The Mexican Year is a fictional blog about a chance encounter in Tijuana. Nick is a jaded American graduate student committed to his doctoral research and not much else. Nooshin is a married Iranian-American girl boxed in by her husband, her family, and her choices. They cross paths when they cross the border, two strangers who find themselves journeying into Tijuana and across Mexico, sometimes together, sometimes apart.

I’m Odin Soli, a thirtysomething family guy and technology executive based in Minnesota. I’ve been exploring the intersection of writing and the Internet since the mid-1990s. I used to publish a million words a year, but I’ve slowed down.

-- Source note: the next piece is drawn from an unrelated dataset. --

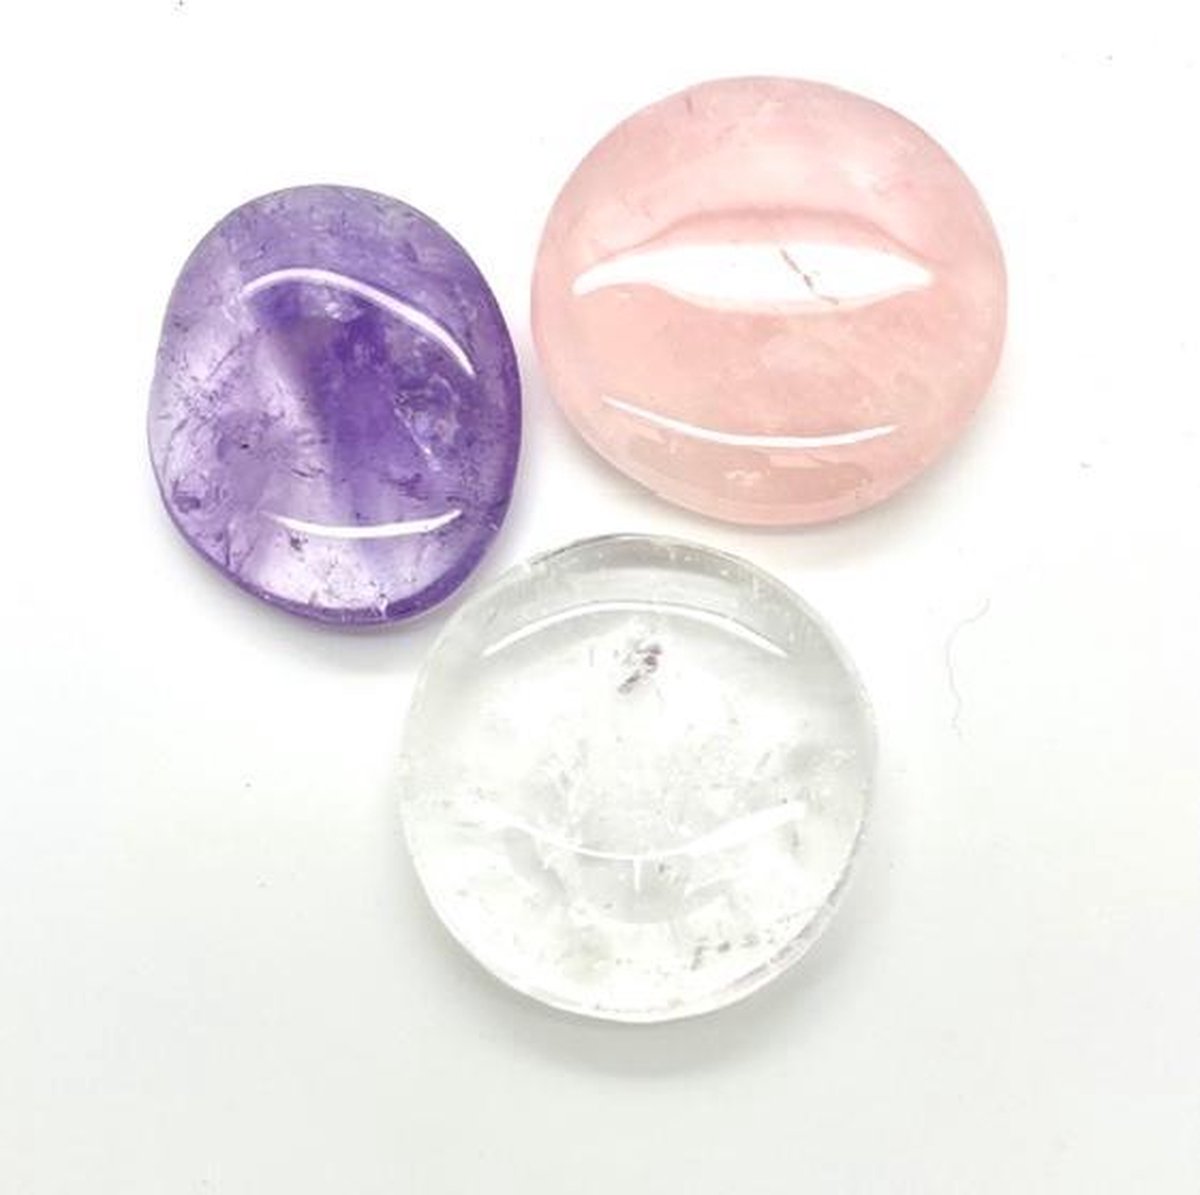 Drie eenheid/ gouden driehoek edelstenen zak/ massage stenen amethist bergkristal en rozenkwarts.

My best-known project to date is Plain Layne (2001-2004), which was called everything from “best soap opera on the Internet” to the textural predecessor of lonelygirl15. It was a fictional blog that touched the lives of over 500,000 people and received media coverage in Macleans, TIME Magazine, The New York Times, Haaretz, Der Spiegel, National Public Radio, San Jose Mercury News, St. Paul Pioneer Press, and City Pages. My prior projects include The Sex Pistols are Alive and Well and Living in Sohatsenango (2000-2001), Trotsky in Exile (1999-2000), One Man, Two Women, and 6 Million Lines of Code (1998), and Goodbye Yugoslavia (1995-1997).

I have several goals with The Mexican Year. Considering this is version 1.2, the most important is just finishing.